Миша Дефонсека - Выжить с волками
Я никогда не забуду тот день, когда я ушла от мамы в эту проклятую школу, еще не зная, что больше никогда ее не увижу. Тогда бы я еще дольше смотрела на нее и вдыхала аромат ее волос. Но если бы я знала, меня бы потребовалось отрывать от мамы по кусочкам. Ее лицо со временем стерлось из памяти, остались лишь длинные волосы, которые она иногда собирала в пучок, мягкий голос, светлое платье, забытая песенка — я не смогу ее даже напеть — и несколько русских слов, которым она ласково меня учила. Я никогда не узнаю, что сделали с мамиными волосами там, куда ее увели. Я хотела остаться, жить или пропасть с ней. Она хотела меня спасти, я не хотела спасаться.

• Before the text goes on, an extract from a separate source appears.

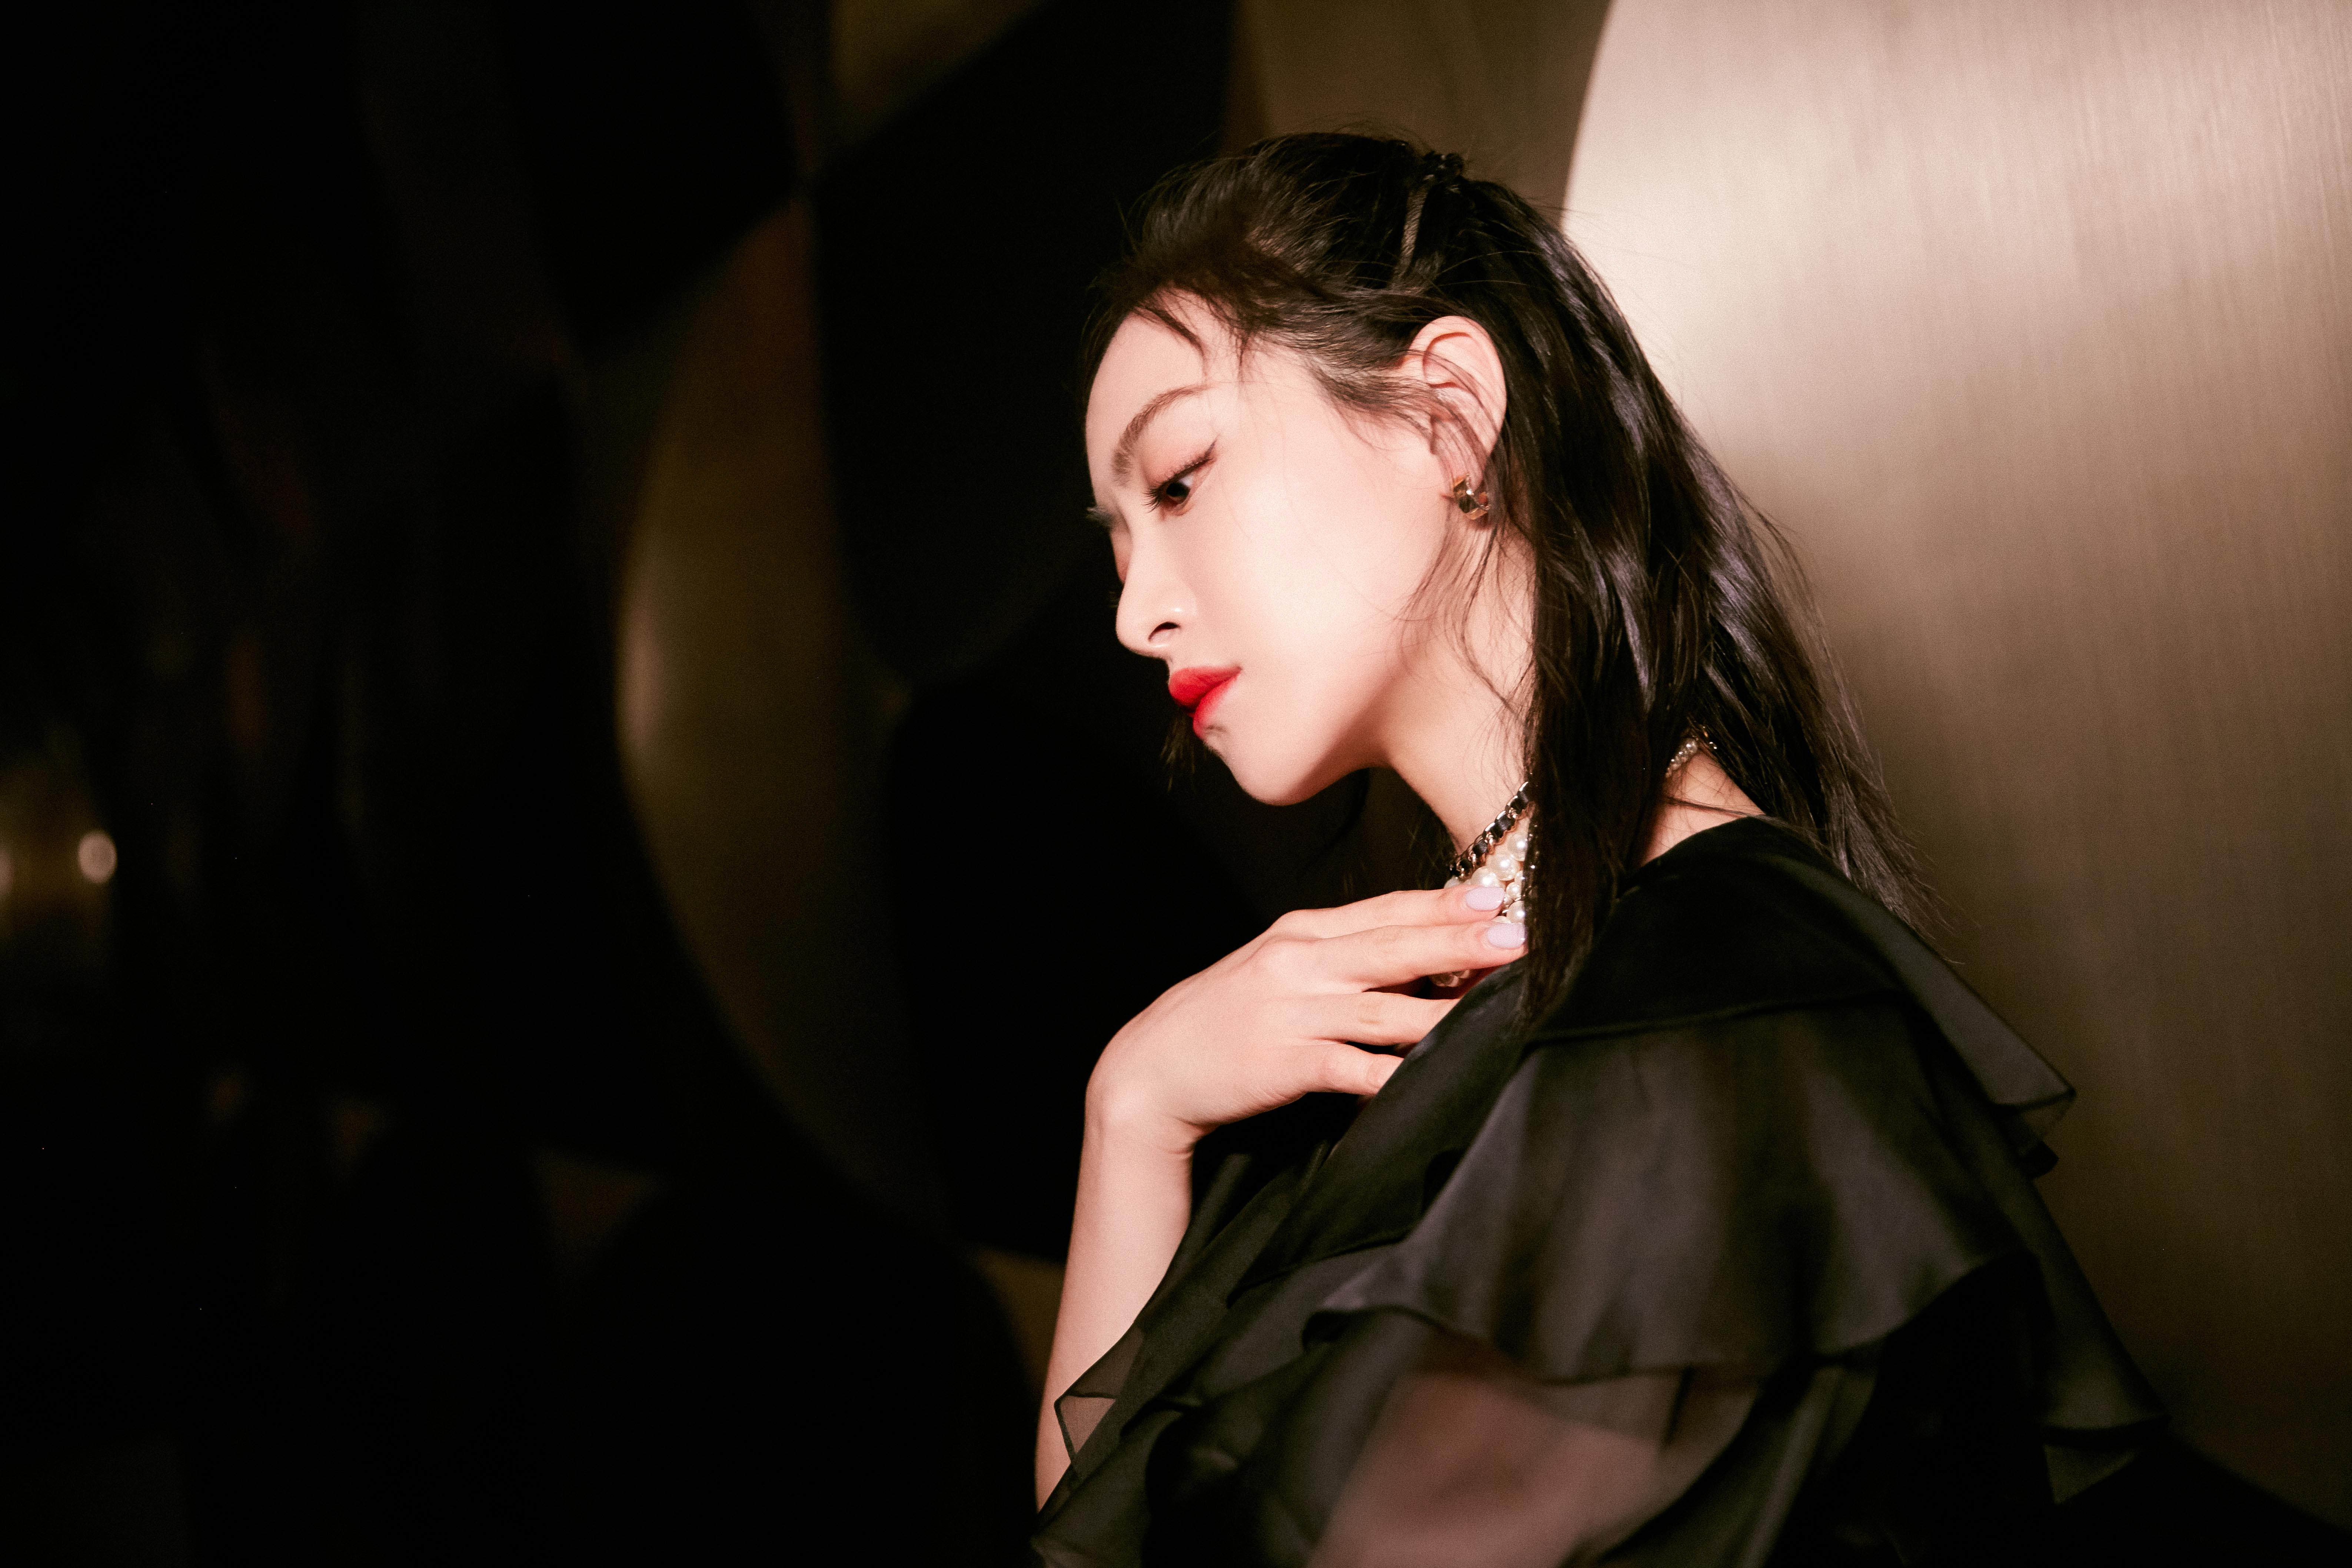 宋茜出席湖南卫视五四晚会 演唱《下一站是幸福》

Перед тем как отпустить мою руку, папа сказал, что вернется за мной. На перемене я сидела под мои деревом, разглядывала дома за школой, представляла, что мама где-то там и смотрит на меня. Потом я в одиночестве сидела на ступенях под козырьком. Обычно меня сопровождала учительница, передавала папе, он брал меня за руку и вел домой. Но на этот раз со мной нет учительницы — наверное, она не думала, что папа задержится. Время идет, я смотрю на улицу, двери школы закрыты, и чтобы было не так скучно ждать, я придумываю игру. Я закрою глаза, досчитаю до пятнадцати, и папа придет. Если его не будет, я начну снова и снова… Я все еще считаю, когда кто-то говорит мне:
— Ты Мишке? Пойдем со мной.
Сначала я удивляюсь, потом вспоминаю про мамины указания. Она велела мне слушаться, и я буду слушаться. Я не видела, как подошла эта женщина, наверное потому, что считала. Она была приземистой, старой, с немного грубым голосом, одета в черное пальто, голова повязана платком того же цвета. Она берет меня за руку: «Пойдем».
Я иду за ней на автомате, мы доходим до угла улицы, где жили мои родители, и внезапно там раздается шум, крики, откуда-то появляются грузовики, много людей. Мне кажется, что они дерутся или одни бьют других.
Дама заставляет меня быстро пройти мимо них: «Не смотри, Мишке…» Она тянула меня за руку и повторяла: «Не смотри, Мишке». Каждый раз, когда она произносит мое имя, я думаю о маме, я верю, что эта женщина отведет меня к ней и что я найду своих родителей.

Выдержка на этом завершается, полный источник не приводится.